▶ [Dataset extract]

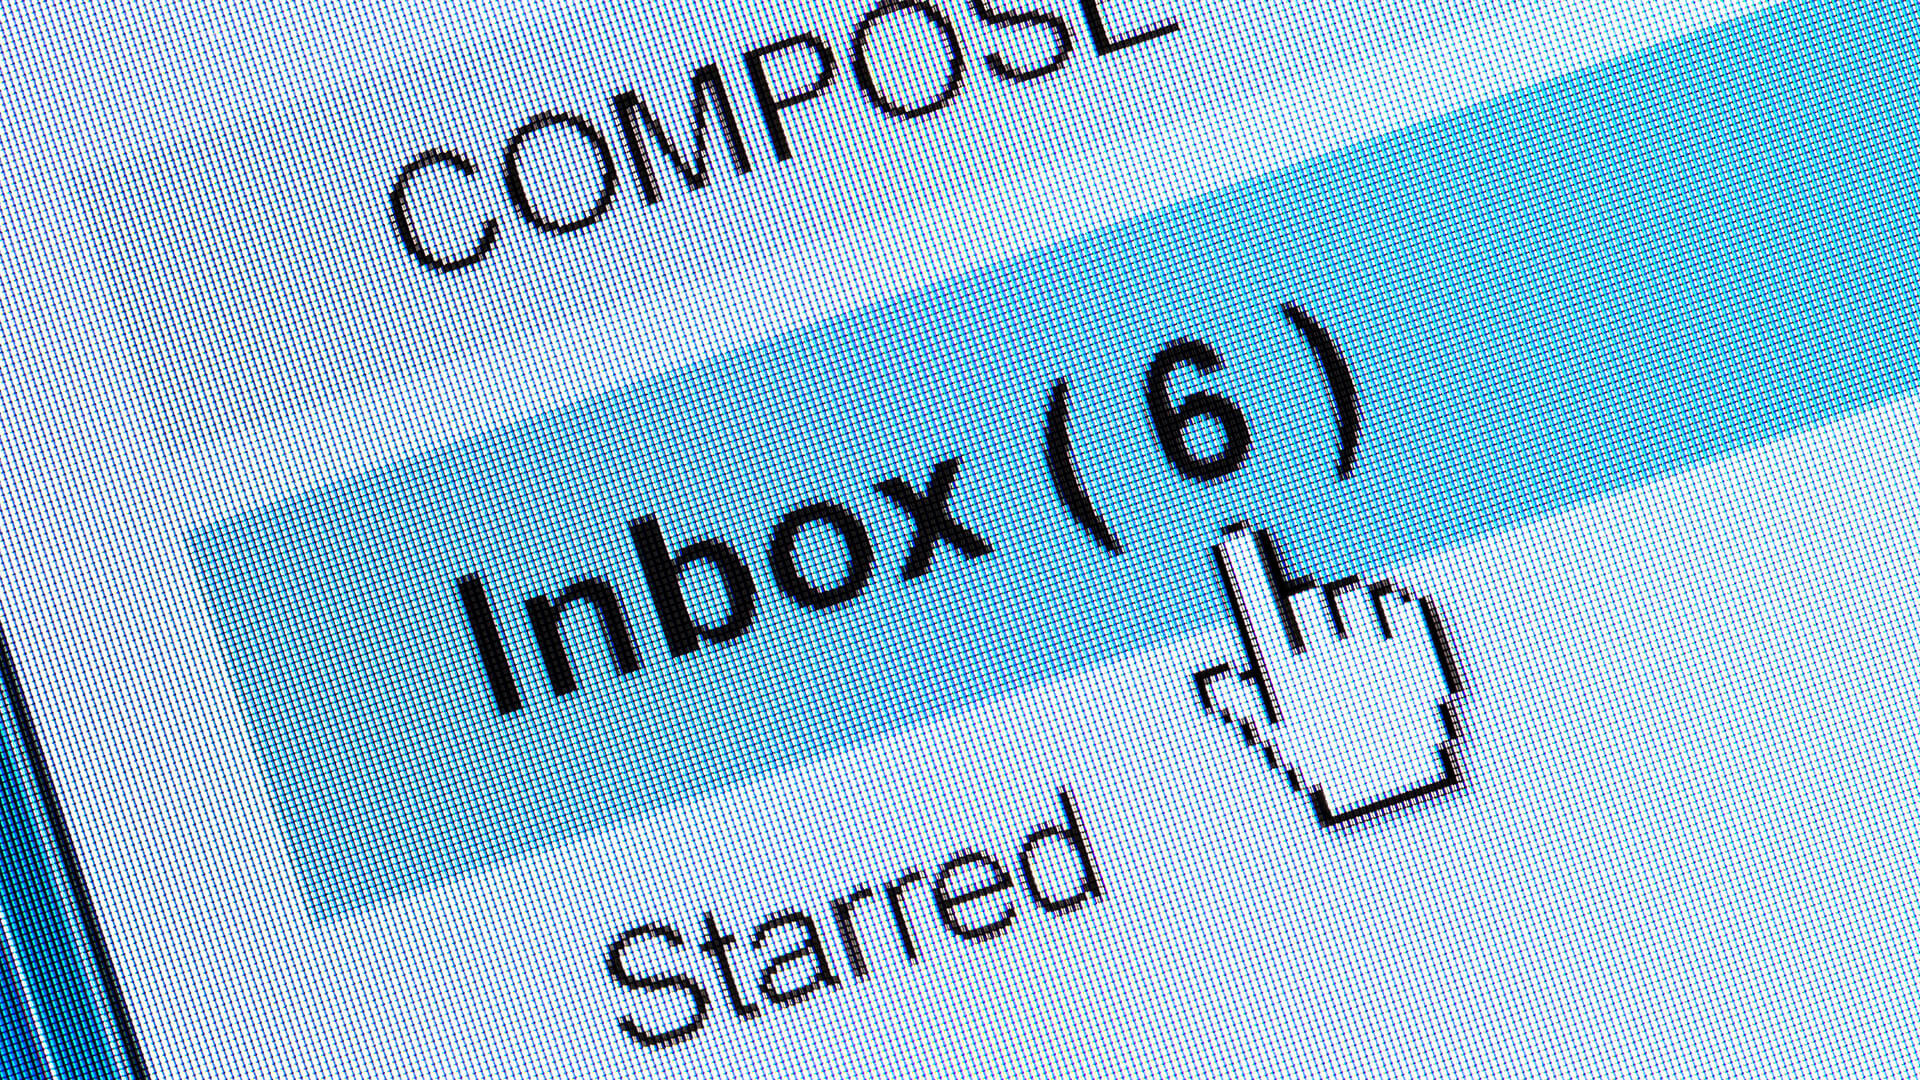 The key to email marketing success
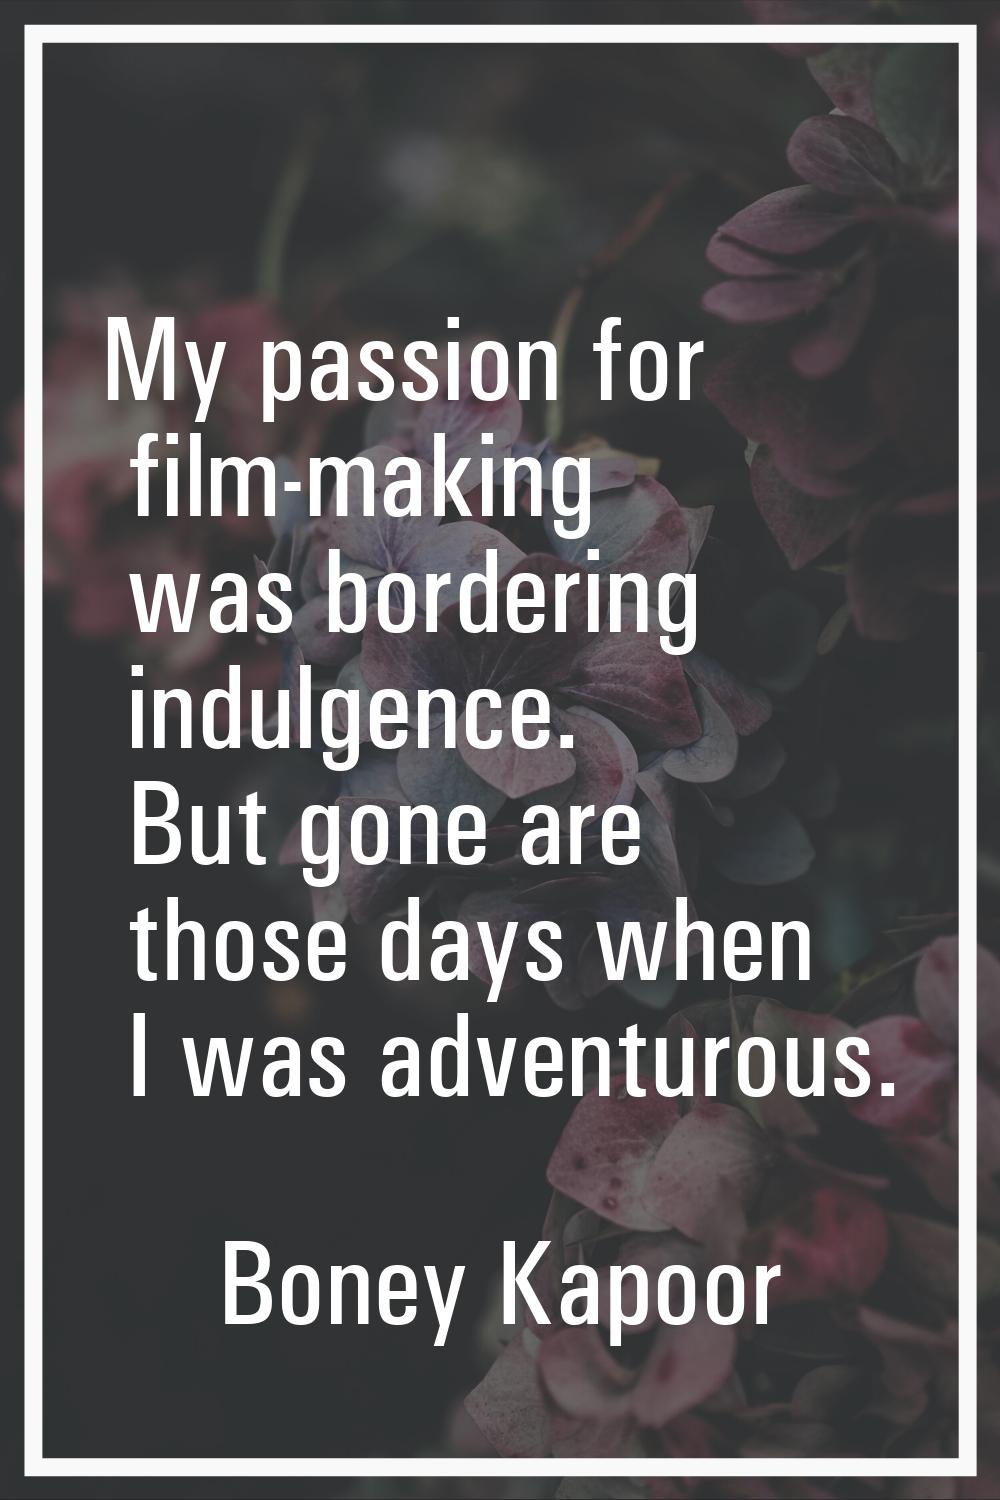 My passion for film-making was bordering indulgence. But gone are those days when I was adventurous
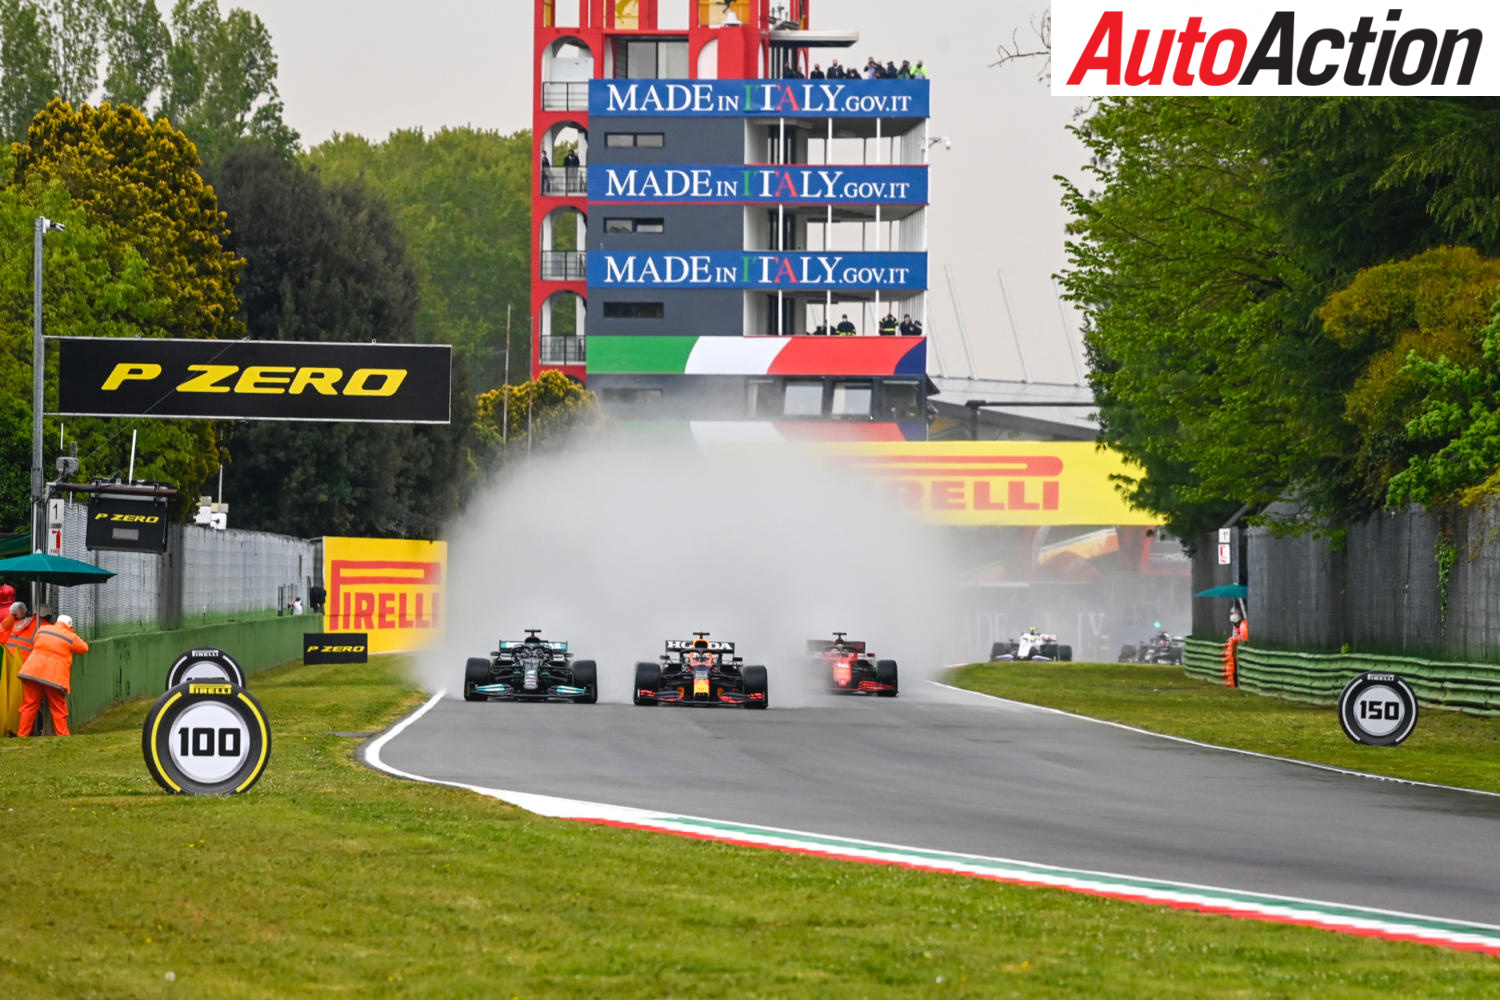 IMOLA SIGNS MULTI-YEAR F1 DEAL

▶ [What needs to be done]
Word for word, repeat the material above and drop the pictures.

▶ [Exercise output]
 The key to email marketing success
 My passion for film-making was bordering indulgence. But gone are those days when I was adventurous
 IMOLA SIGNS MULTI-YEAR F1 DEAL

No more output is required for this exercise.